__TRY IT__
In the entries below, begin at the line that has "Forklift Hire Services", stop after the line that has "Chaos Coordinator Comfort Colors Tee", and output those lines exactly with no pictures.

__DATA FOR ANALYSIS__
┄┄┄┄┄┄┄┄┄┄
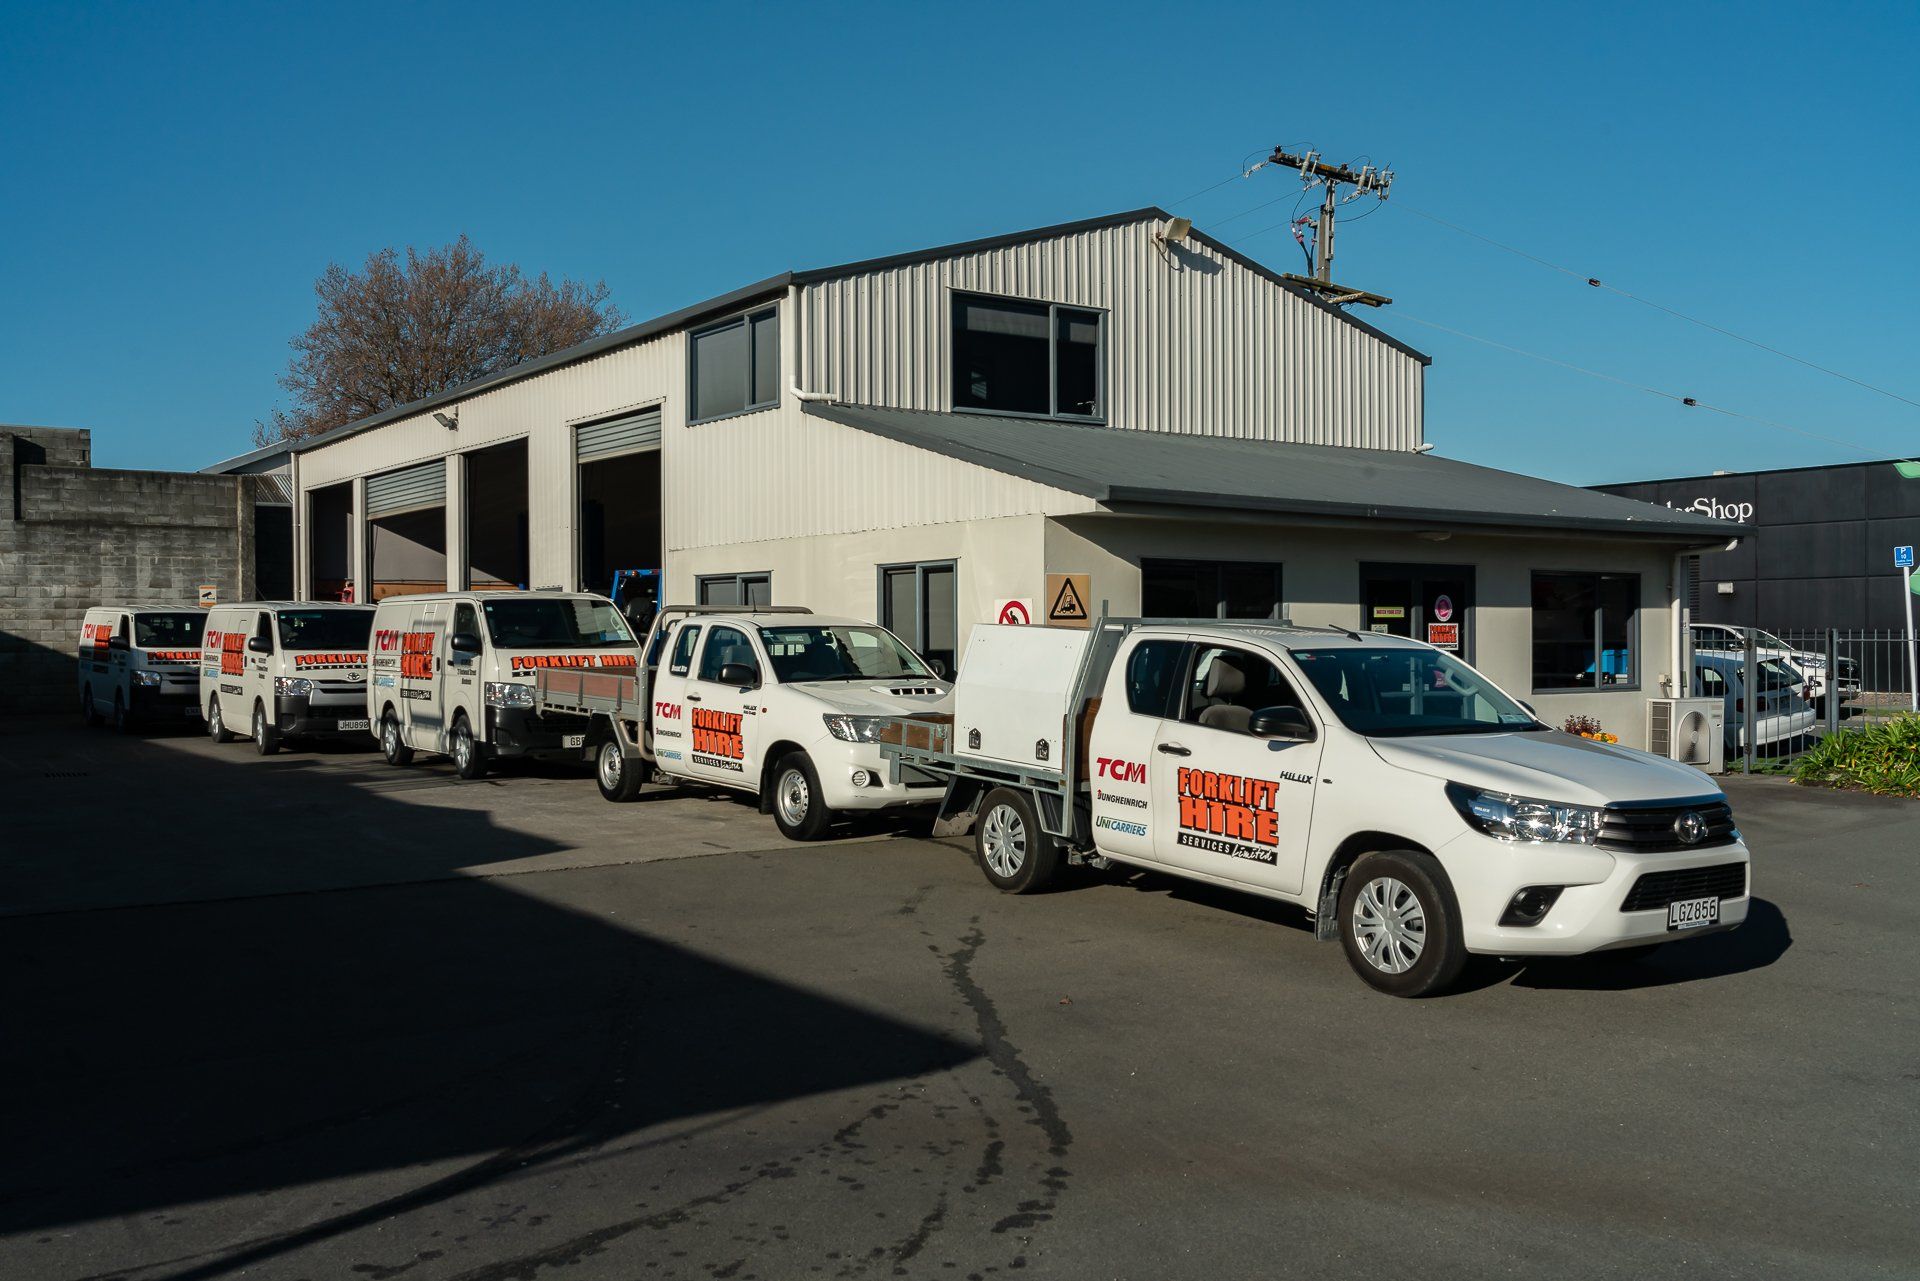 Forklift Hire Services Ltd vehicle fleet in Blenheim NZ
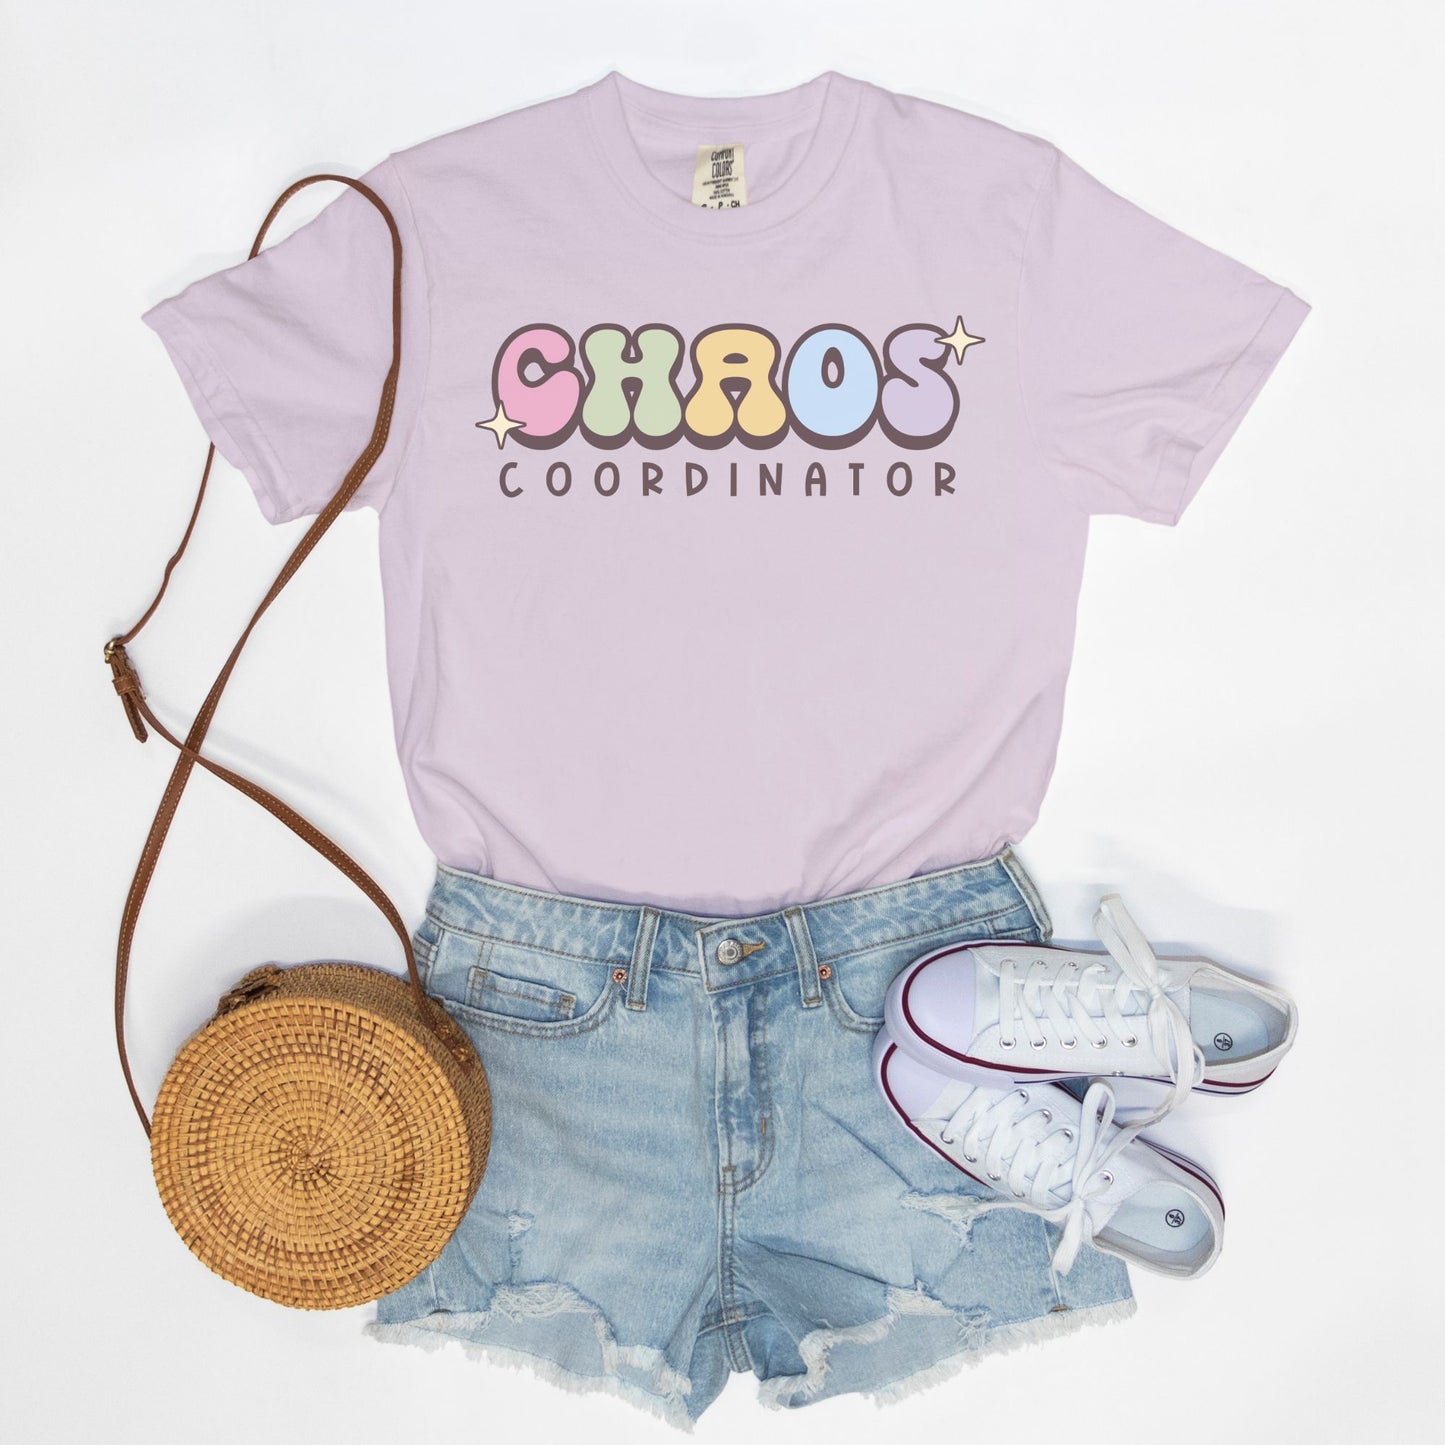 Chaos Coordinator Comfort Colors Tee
┄┄┄┄┄┄┄┄┄┄
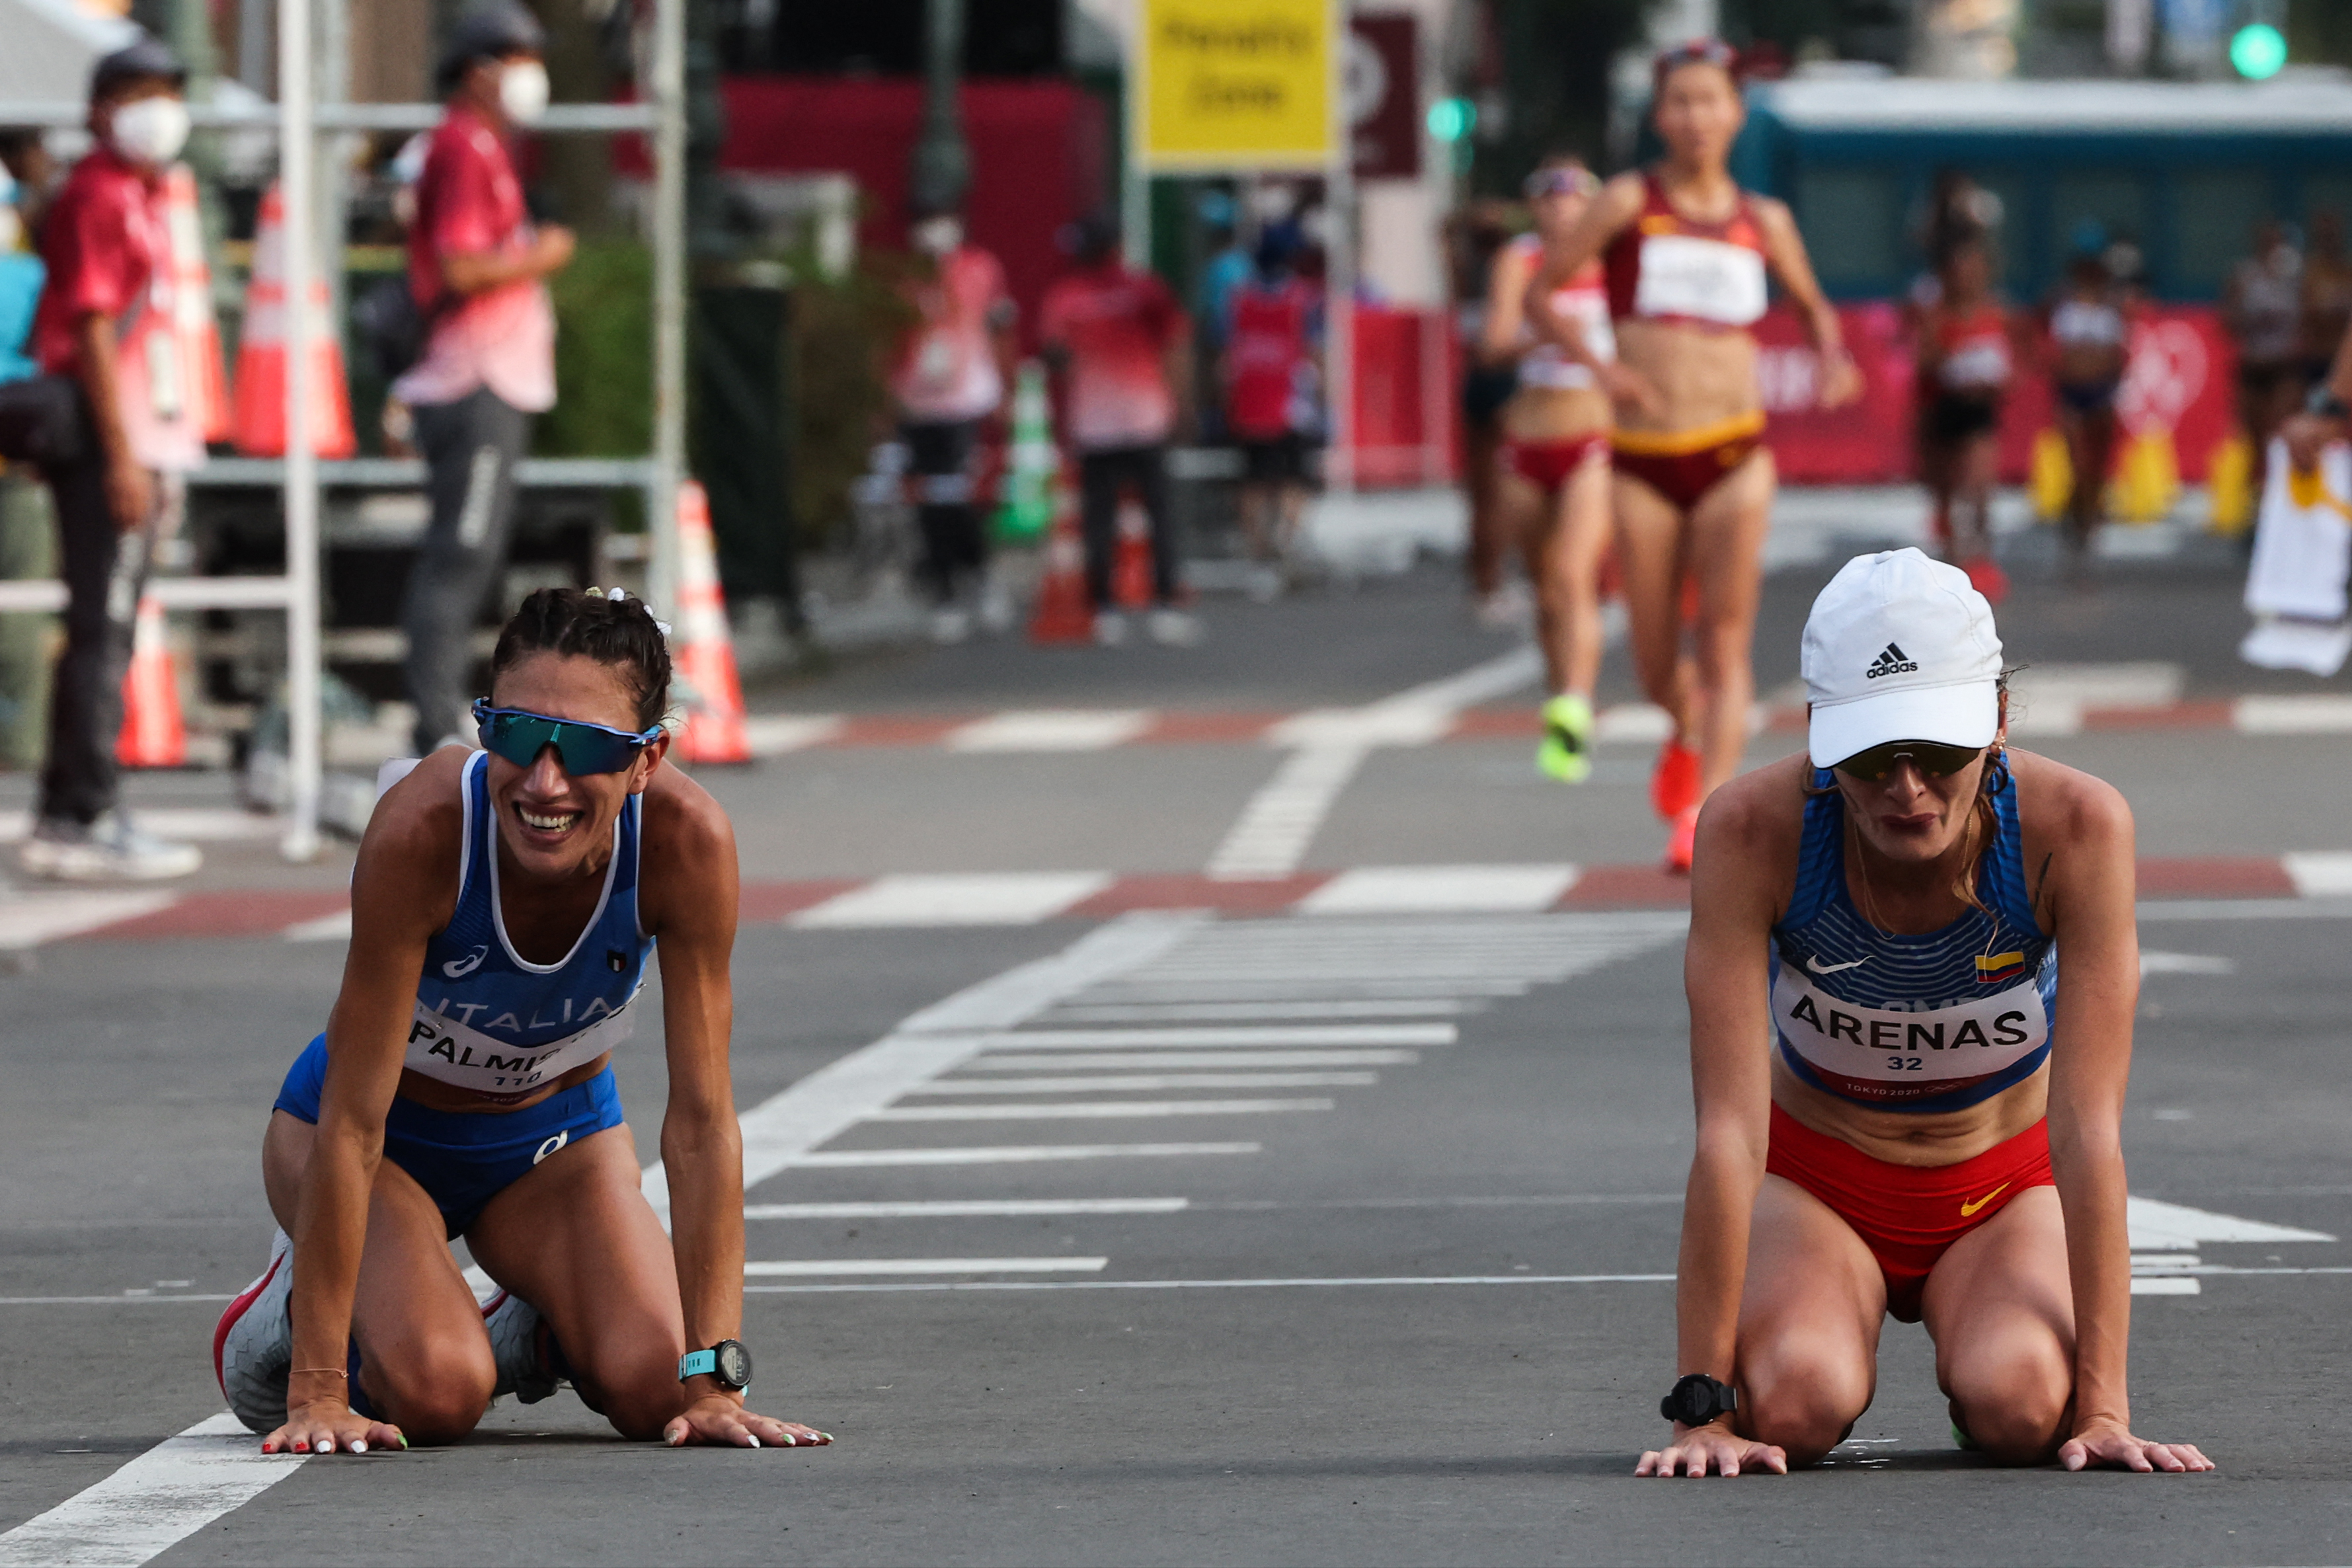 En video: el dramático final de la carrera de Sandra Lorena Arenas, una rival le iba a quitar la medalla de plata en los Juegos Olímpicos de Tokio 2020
┄┄┄┄┄┄┄┄┄┄
__TASK SOLUTION__
 Forklift Hire Services Ltd vehicle fleet in Blenheim NZ
 Chaos Coordinator Comfort Colors Tee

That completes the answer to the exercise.